Collector Basics: Philadelphia Mint is main U.S. Mint

Editor’s note: This is one in a series of Coin World Collector Basics posts on facilities under the U.S. Mint’s jurisdiction.

The Philadelphia Mint is the original federal Mint, authorized by Congress through the Coinage Act of April 2, 1792. Since then, the Philadelphia Mint has existed at four different locations.

Until the 1830s, the Philadelphia Mint was the nation’s sole federal Mint. Starting in the mid-1830s, Branch Mints were opened in other cities, with the Philadelphia Mint being the “main” or “mother” Mint and site of the Mint director’s offices.

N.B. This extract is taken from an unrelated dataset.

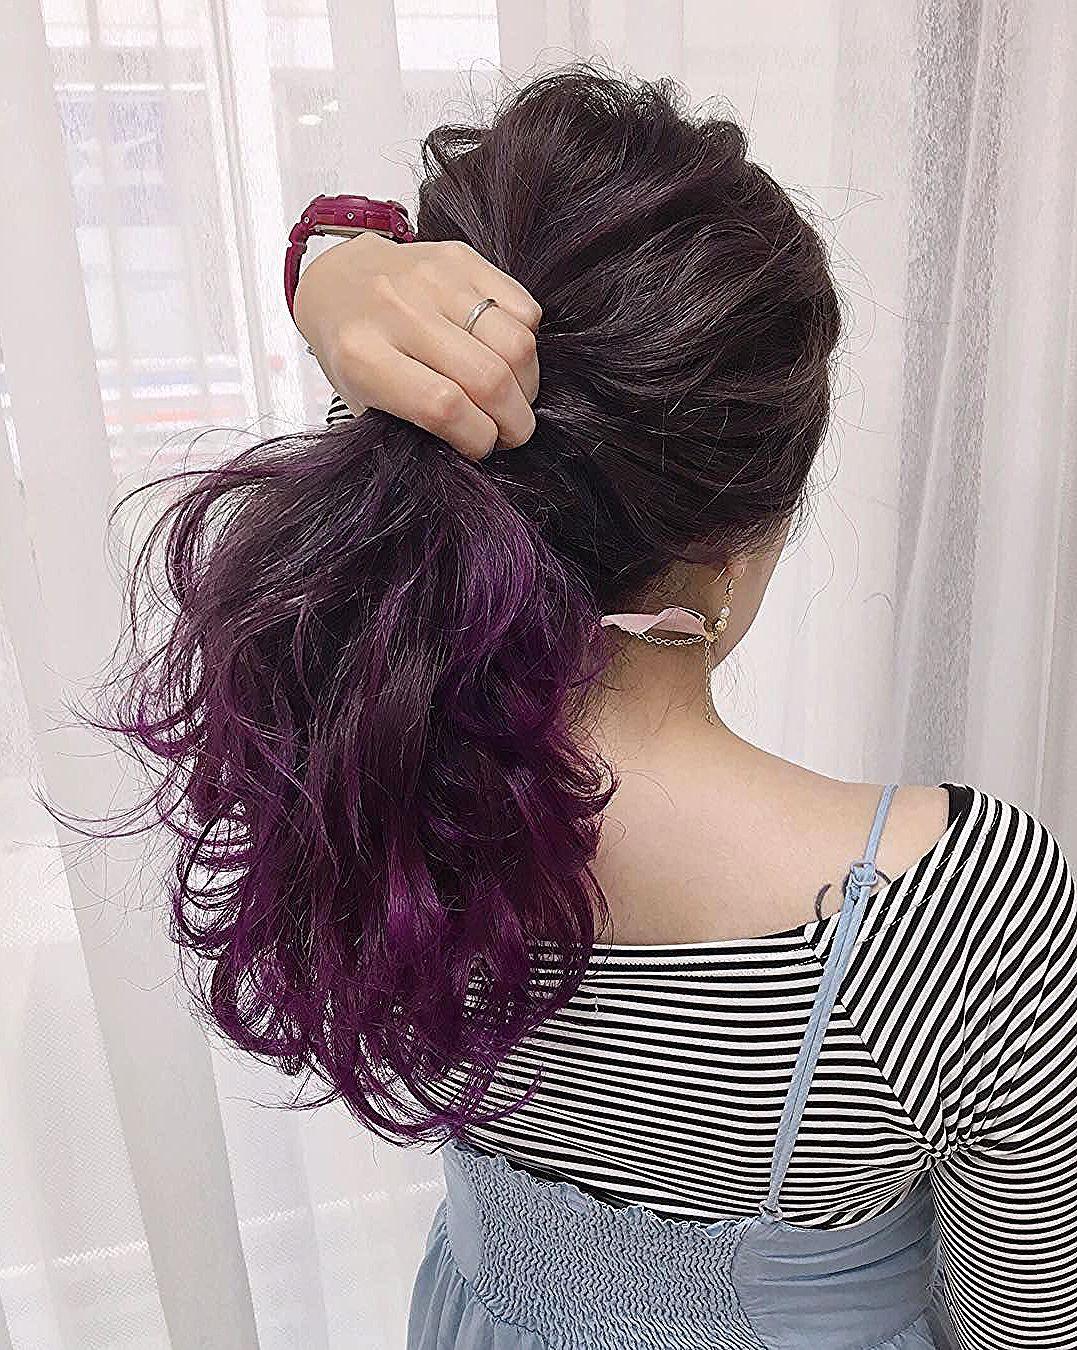 バイオレット系ヘアカラー 髪色16選 紫アッシュ ブラウン ピンク

The Branch Mint era ended with the Mint Act of 1873; Mint headquarters was moved to Washington, D.C., and the Philadelphia Mint and the former Branch Mints were placed on equal footing, though for most of its history, the Philadelphia Mint was the sole facility with the capability of making the hubs and dies for striking coins.

The first U.S. Mint at Philadelphia was built on Seventh Street in 1792. It was there in the facility’s several buildings that many of the nation's first patterns and coins were struck, including 1792 silver half dismes, 1792 Birch cents and 1792 Silver Center cents; 1793 Flowing Hair, Chain and 1793 Flowing Hair, Wreath cents; and 1794 Flowing Hair dollars.

Since 1792, the Philadelphia Mint has been the sole home to the U.S. Mint’s engraving staff of sculptor-engravers and medallic sculptors. Today, the Philadelphia facility, at Fifth and Arch streets, also houses all of the technology and design development staff and produces most of the tooling for the production of coins.